Why You Should Be Raising Your Child To Be Bilingual
Updated: Apr 21
The benefits of bilingualism
I’ve always been envious of people who can pick up new languages easily.
You know the type: fluent in four languages by the age of twelve, as well as ‘school-level’ English. Which turns out to be to a higher level than a lot of native English speakers.
I might be fluent in Spanish now, at the age of 29, but not after a lot of blood, sweat and tears went into it at university. My French is now pretty much just a distant memory as my Spanish dominates completely.
Now a Brit married to a Spaniard, it’s only natural that we raise our daughter to be bilingual. And I have to say, I’m a little envious of the wonderful opportunity she’s going to have. Simply by being born into a bilingual family.
Bilingualism has many benefits, which can be divided into these categories.
We want our daughter to be bilingual for practical as well as developmental reasons. None of my family speaks anything beyond beginner’s Spanish, while the same can be said for my in-laws with English. So being bilingual will mean she can communicate with both sides of the family.
Far into the future (she’s not even 2 yet!) her bilingualism could open many doors for her professionally as she’ll be able to communicate with a larger number of people. Purely because the two languages native to her will be English and Spanish, two of the world’s most spoken languages
That means more job opportunities will be open to her. She may also be more willing to accept jobs in other countries as the language won’t be a barrier for her.

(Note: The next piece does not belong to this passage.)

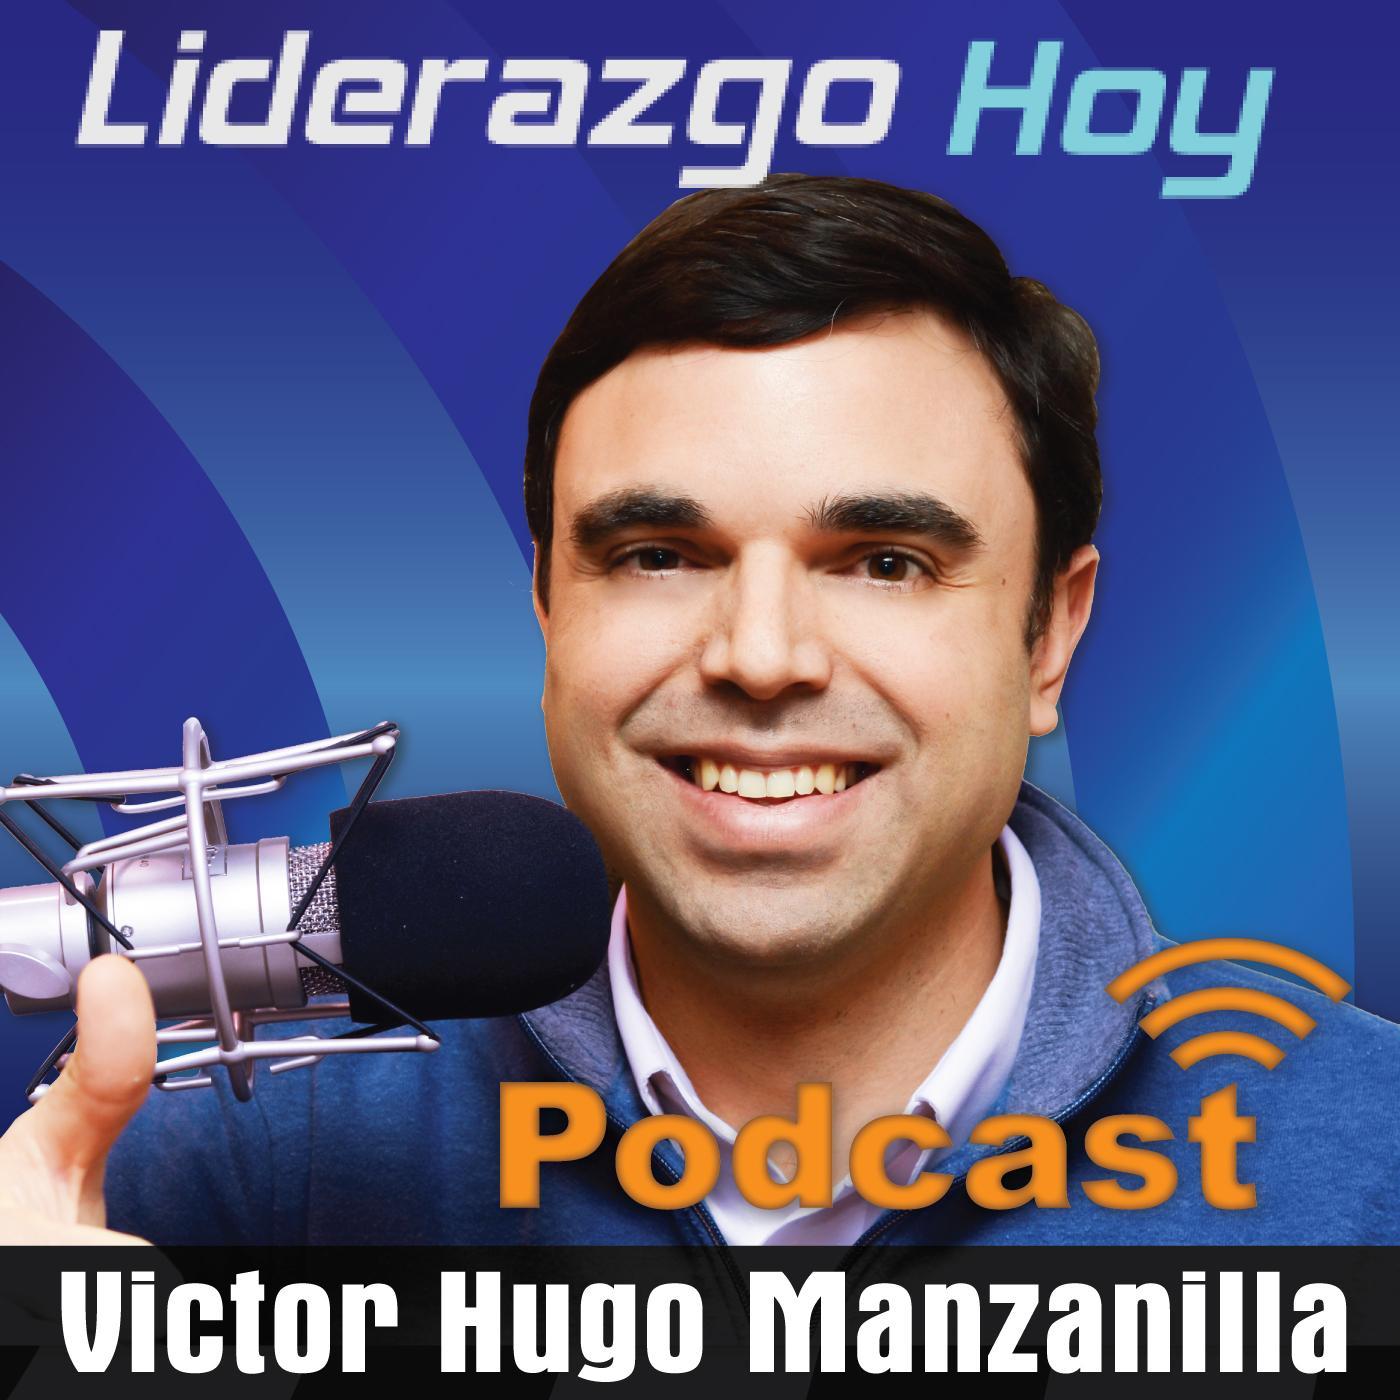 Liderazgo Hoy VICTOR HUGO MANZANILLA

Bilingualism will also make travel for pleasure easier for her. If she can communicate well with the locals, she’ll have a much more fulfilling experience than if she didn’t understand the language at all.

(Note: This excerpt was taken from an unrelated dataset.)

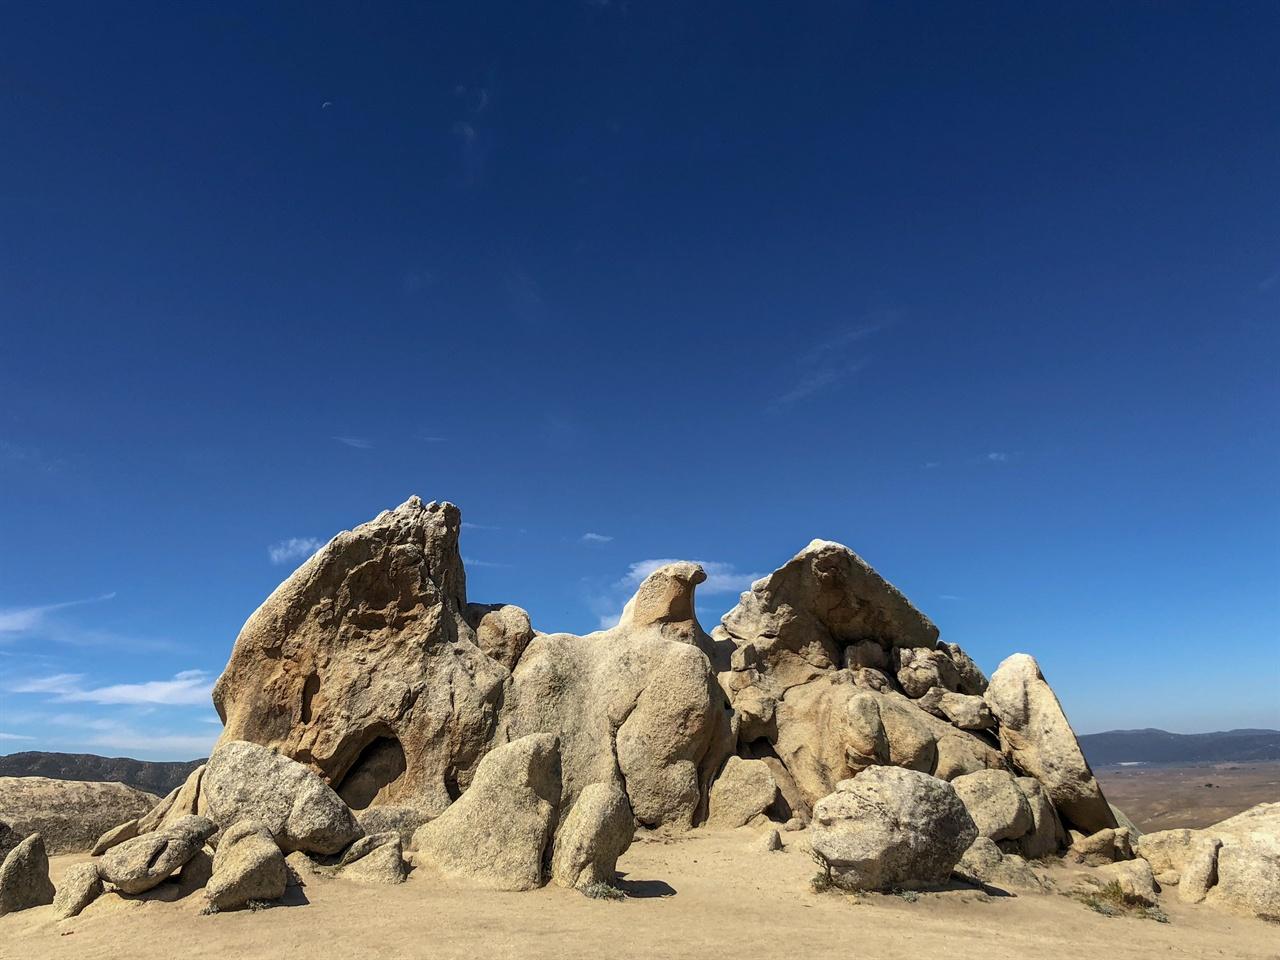 Eagle Rock 워너스 스프링스(Wanners Spings) 직전에 독수리 형상으로 유명한 바위

In terms of development and skills, she’ll find it easier to pick up a third language.
Research also shows that bilingual people have better mental abilities, compared with monolinguals, like the ability to focus on important information and ignore irrelevant information. This can then aid their productivity in related tasks, especially when multitasking.
Bilingualism can also lead to improved problem-solving skills and creative thinking.

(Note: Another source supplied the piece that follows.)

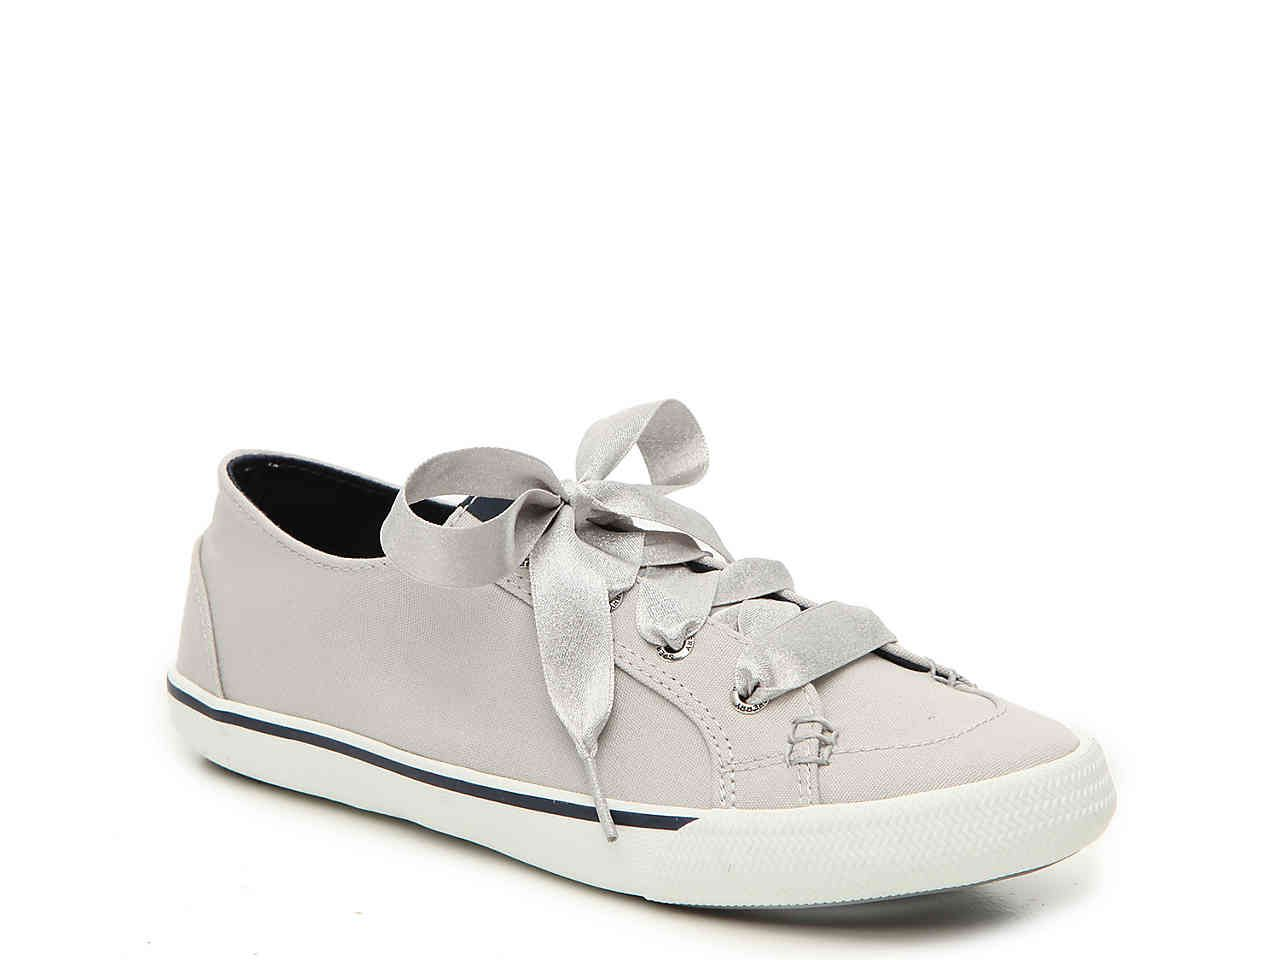 Sperry Lounge Slip-On Sneaker | Leather

These aspects will aid her learning development as she progresses through school.
If you are able to raise your child to be bilingual, take it. It doesn’t matter whether you’re a multilingual family or a monolingual one.
These developmental foundations and skills will help your child go far in life.
As the philosopher, Ludwig Wittgenstein, said:
“If we spoke a different language, we would perceive a somewhat different world.”